By declaring one subroutine within the scope of another

    #!/my/path/to/perl
    foo();

    sub foo
    {
        my $a;
        Thread->new(\&bar)->join;
        $a++;
        print $a;

        sub bar { $$a++ }
    }

Output: 2


Example 11: 

Using closures

    #!/my/path/to/perl
    my $foo = foo_generator(1);
    $foo->();
    Thread->new($foo);

    sub foo_generator 
    { 
        my $a = shift; 
        sub { print $a++ } 
    }

Output: 12


=head2 Open code can only be executed by a thread that compiles it

Threads execute BLOCKs

    new Thread \&foo
    new Thread sub { ... }
    async          { ... }

This means that code that is not contained in a BLOCK can only be
executed by a thread that compiles it.


Example 12

    #!/my/path/to/perl
    Thread->new(\&foo)->join;
    Thread->new(\&foo)->join;
    print $a;
    
    sub foo { require Bar; }

    # Bar.pm
    $a++;

Output: 1. C<require> won't compile the same file twice, so the
increment only executes in the first spawned thread.


Example 13

    #!/my/path/to/perl
    Thread->new(\&foo)->join;
    Thread->new(\&foo)->join;
    print $a;
    
    sub foo { do 'Bar.pm'; }

    # Bar.pm
    $a++;

Output: 2. C<do> will compile the same file repeatedly, so the
increment executes in both spawned threads.


Example 14

    #!/my/path/to/perl
    Thread->new(\&foo)->join;
    Thread->new(\&foo)->join;
    
    sub foo { do 'Bar.pm'; }

    # Bar.pm
    my $a = 1;
    print $a++;

Output: 11. The C<my> creates a new file-scoped lexical each time it
executes.


Example 15

    #!/my/path/to/perl
    $a++; 
    async { do $0 } if $a < 2;
    print $a;

Output: 12 or 21. Evil, but straightforward.

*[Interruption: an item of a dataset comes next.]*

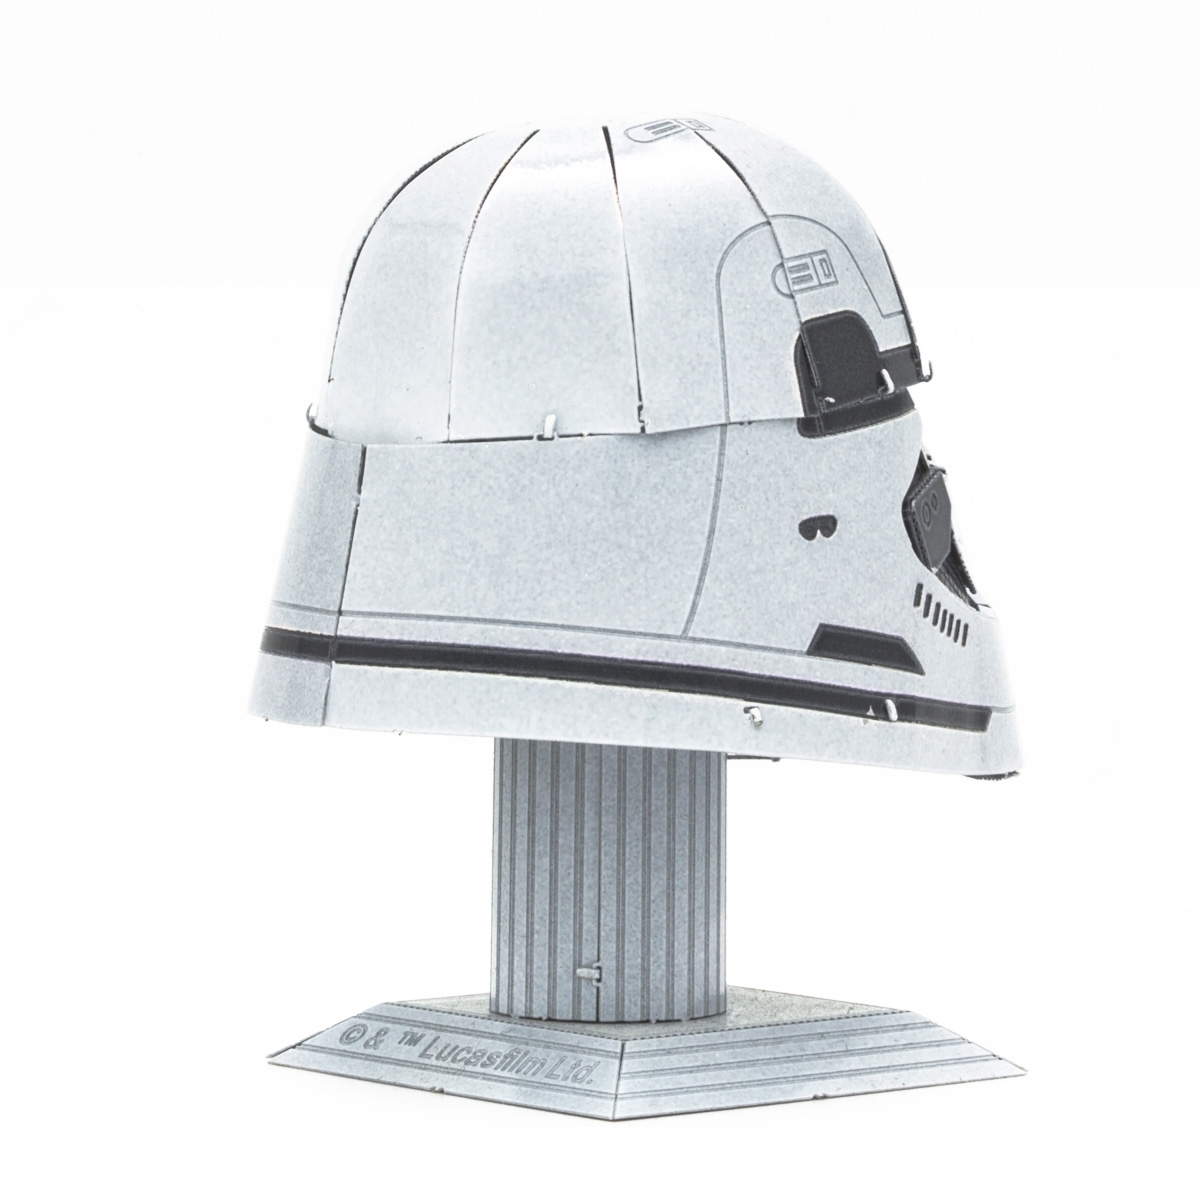 Fascinations Metal Earth Star Wars Stormtrooper Helmet 3d Model Kit MMS316 for sale online
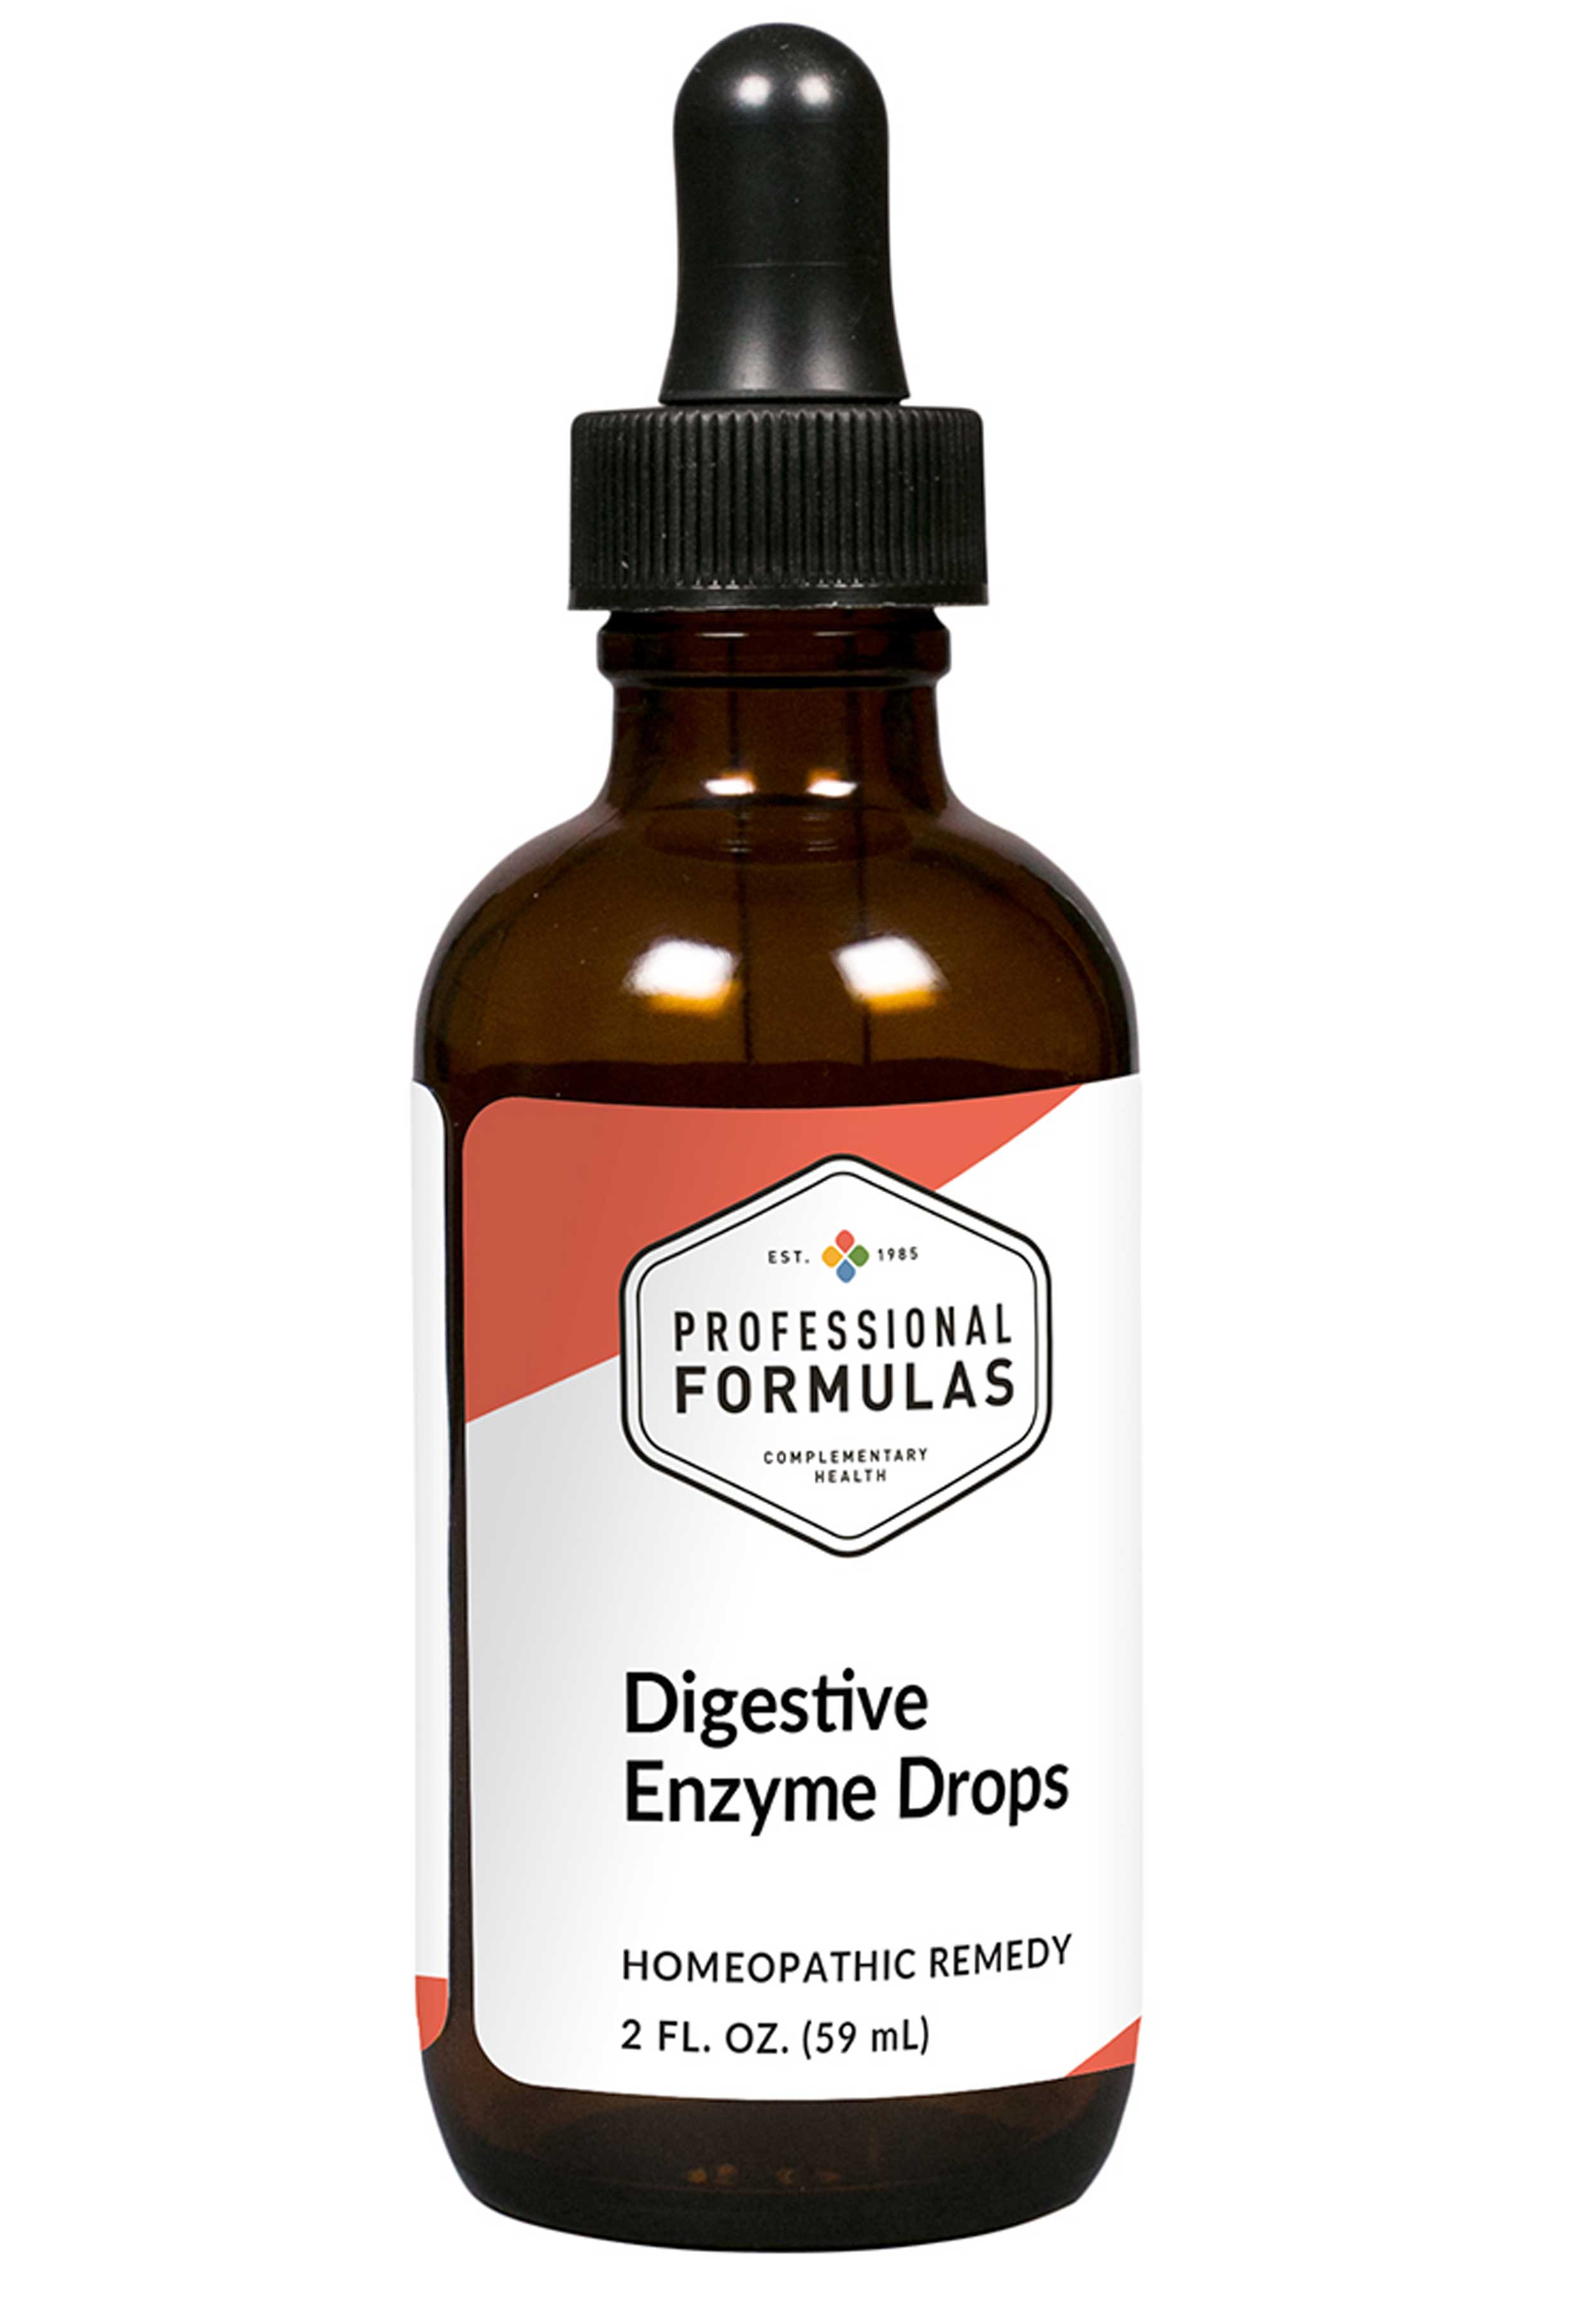 Professional Formulas Digestive Enzyme Drops

The main thread and the
spawned thread both compile and execute the program.


=head2 Atomic data access

The language guarantees atomic access to data values. Access to a data value
means a fetch or a store.

Example 16

    #!/my/path/to/perl
    $a = 'abcd';
    async { $a = 'wxyz' }
    print $a;

Output: `abcd' or `wxyz'. Without atomic data access, the C<print>
statement might fetch C<$a> while the C<async> block is storing it.
This could produce output like `wxcd', or crash the interpreter.

Any serialization beyond atomic data access is the responsibility of
the user.

Example 17

    #!/my/path/to/perl
    $a = 0;
    $thread = new Thread \&foo;
    $a++;
    $thread->join;
    print $a;

    sub foo { $a++ }


Output: 1 or 2. The output is 1 if the increment operations interleave
like this

    Main thread         Spawned thread
    fetch a
                        fetch a
    add 1
                        add 1
    store a
                        store a


=head1 IMPLEMENTATION

Perl6 could have either cooperative threads or preemptive threads.

=head2 Cooperative threads

RFC 47 proposes that "there...be one event loop for all of Perl". This
event loop would dispatch op codes, deliver signals, and invoke
callbacks. It would be a natural extension of this architecture for
the event loop to dispatch op codes for multiple threads of a Perl
program.

The big advantage of cooperative threads is that the Perl interpreter
remains a single-threaded program. A Perl program may have many
threads, but the interpreter has only one: it runs an event loop and
it dispatches op codes. Because it is single-threaded, the interpreter
is not subject to race conditions, and requires no synchronization
code.

Cooperative threads have several disadvantages

=over 4

=item *

The interpreter has to do asynchronous I/O. But Perl6 may support
asynchronous I/O per RFC 47, and the interpreter has an event loop to
run the callbacks.

=item *

The interpreter can't preempt XSUBs. But XSUBs don't I<have> to be
ill-behaved. The XS interface could expose a C<yield()> call for XSUBs
to call during time-consuming operations.

=item *

We don't get Symmetric MultiProcessing (SMP). No way around this one.
Boo, Hiss.

=back


=head2 Preemptive threads

The interpreter is implemented on top of a native threading package,
such as PThreads. Each Perl thread runs in its own native thread. We
get SMP, and we always get control back from XSUBs. (Although XSUBs
can still crash the interpreter.)

The big drawback of preemptive threads is that the interpreter itself
becomes a multi-threaded program, with all attendant synchronization
requirements. If Perl6 gets preemptive threads, expect race conditions
to become the kind of ongoing headache that memory leaks were for
Perl4 and Perl5.


=head2 Locking

If Perl6 implements preemptive threads, then the interpreter must lock
variables to ensure atomic data access.

    Perl source         Implementation
    $a = $b             lock   b
                        fetch  b
                        unlock b
                        lock   a
                        store  a
                        unlock a
                

=head1 DISCUSSION

=head2 Performance

Acquiring and releasing locks takes time. There is concern on
perl6-language-flow and perl6-internals that threaded programs will
run slowly if the interpreter must acquire a lock for every variable
access.


=head2 Globals and Reentrancy

RFC1 "Implementation of Threads in Perl" proposes that, by default,
threads be isolated in separate data spaces.

=over 4

=item *

Each thread gets its own copy of all global variables. A special stash
named C<global::> provides shared storage between threads.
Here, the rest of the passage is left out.